Top of DATA RECORDS

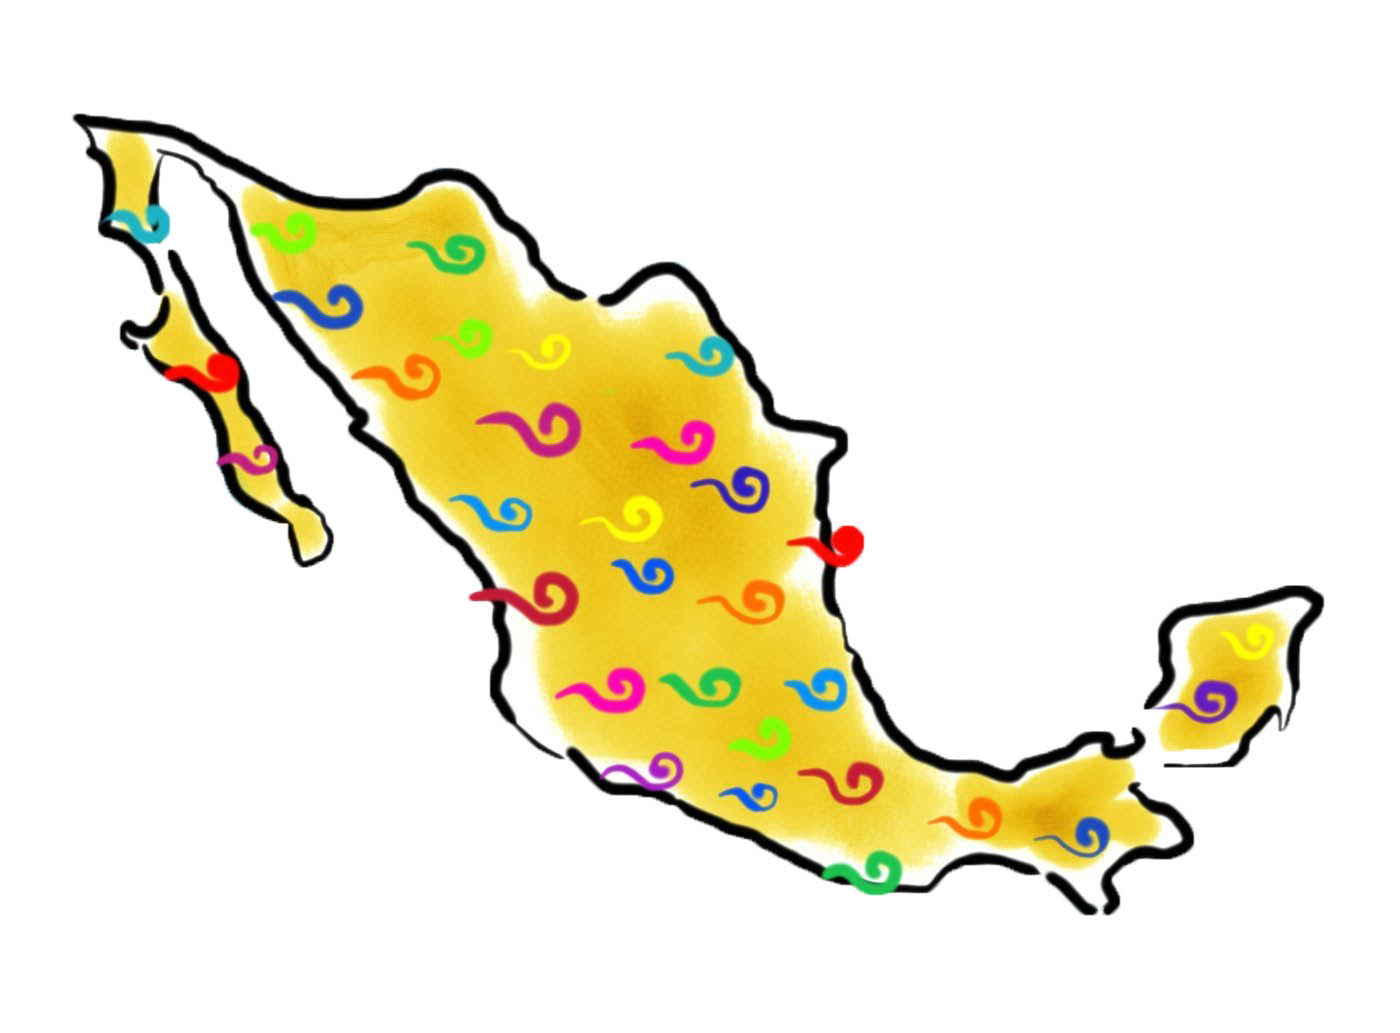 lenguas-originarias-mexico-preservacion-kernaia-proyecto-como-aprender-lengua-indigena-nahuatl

Bottom of DATA RECORDS
Top of DATA RECORDS

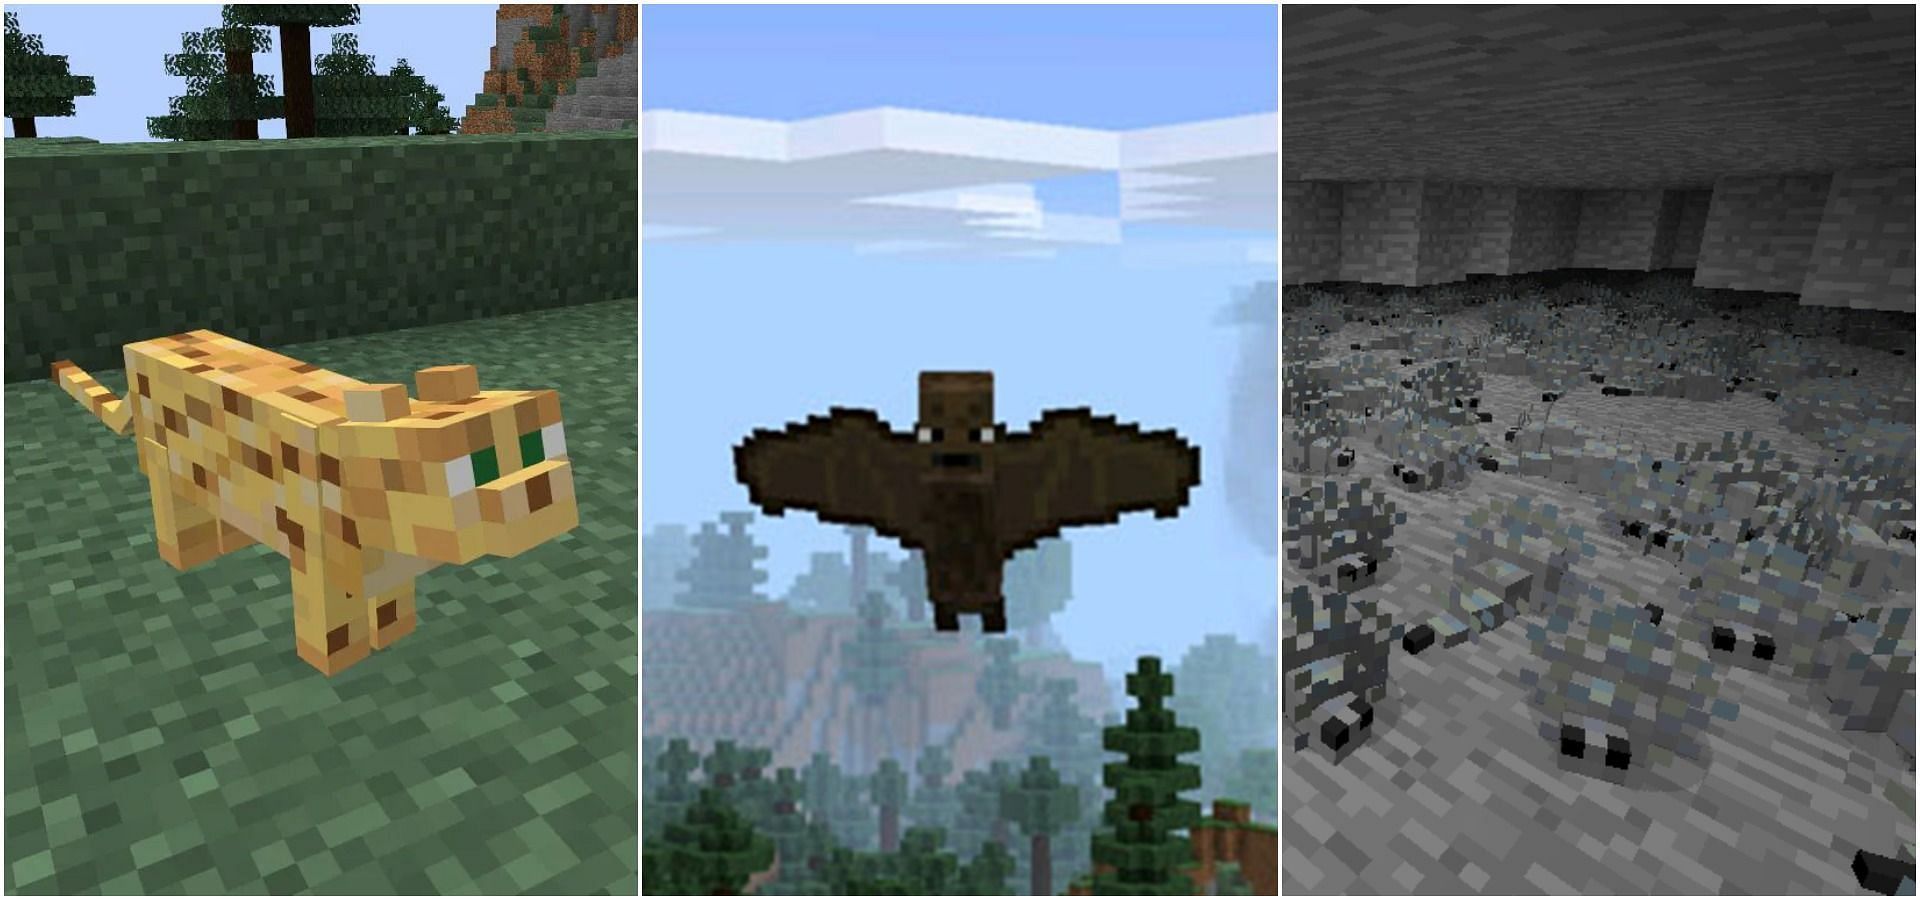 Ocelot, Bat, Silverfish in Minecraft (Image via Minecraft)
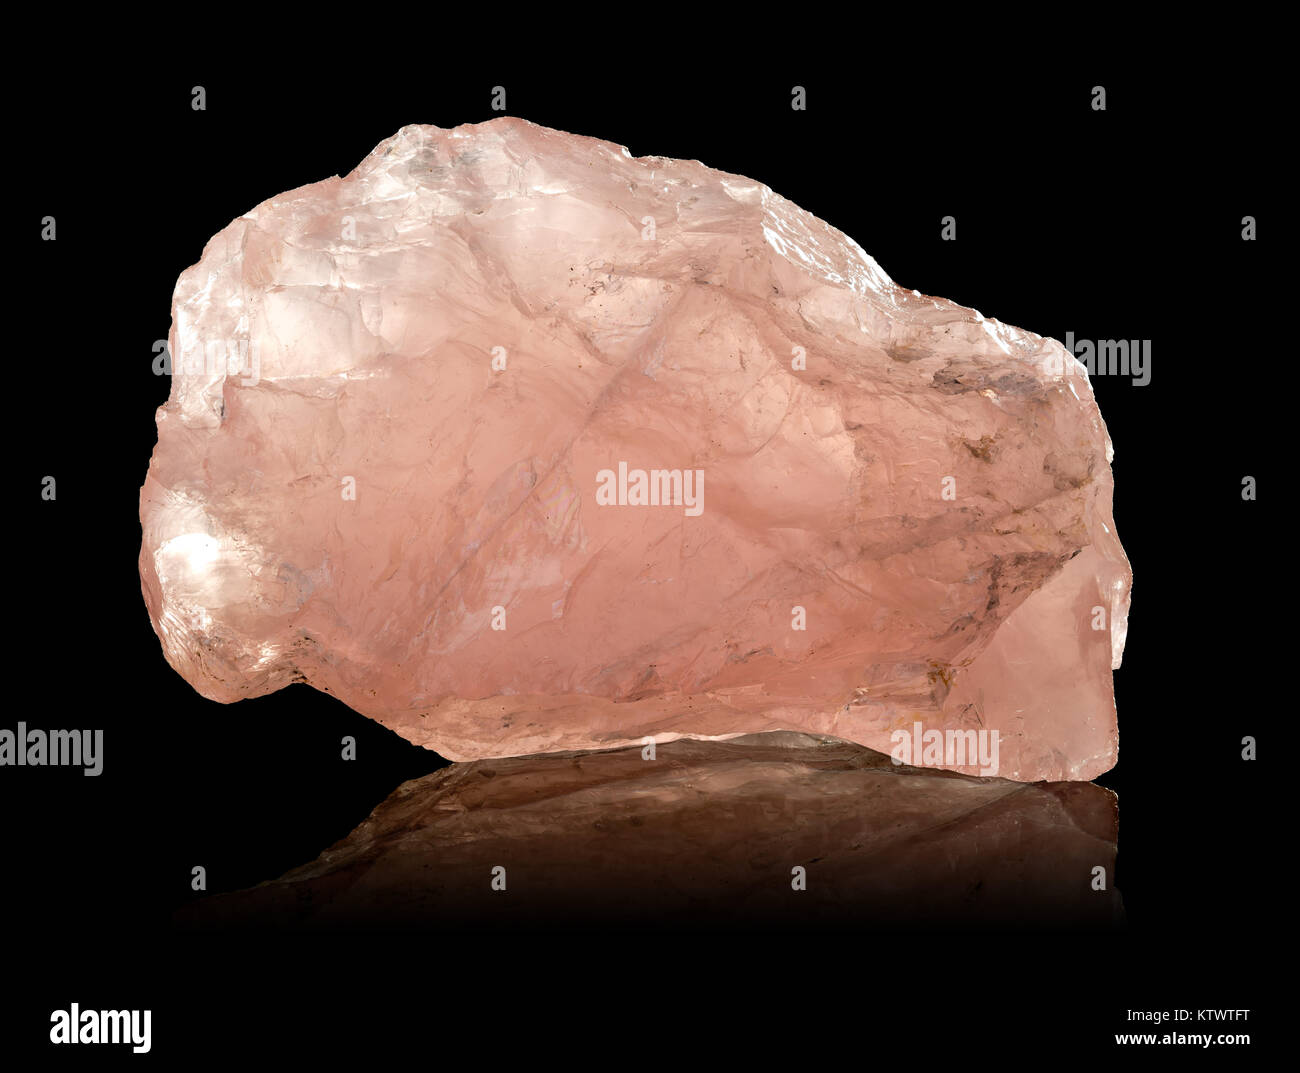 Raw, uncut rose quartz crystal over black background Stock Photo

Bottom of DATA RECORDS

### BRIEF
Within the listing above, write out the stretch from the line with "Ocelot, Bat, Silverfish" through the line with "Raw, uncut rose" exactly. Any pictures are to be left out.

### RESPONSE BELOW
 Ocelot, Bat, Silverfish in Minecraft (Image via Minecraft)
 Raw, uncut rose quartz crystal over black background Stock Photo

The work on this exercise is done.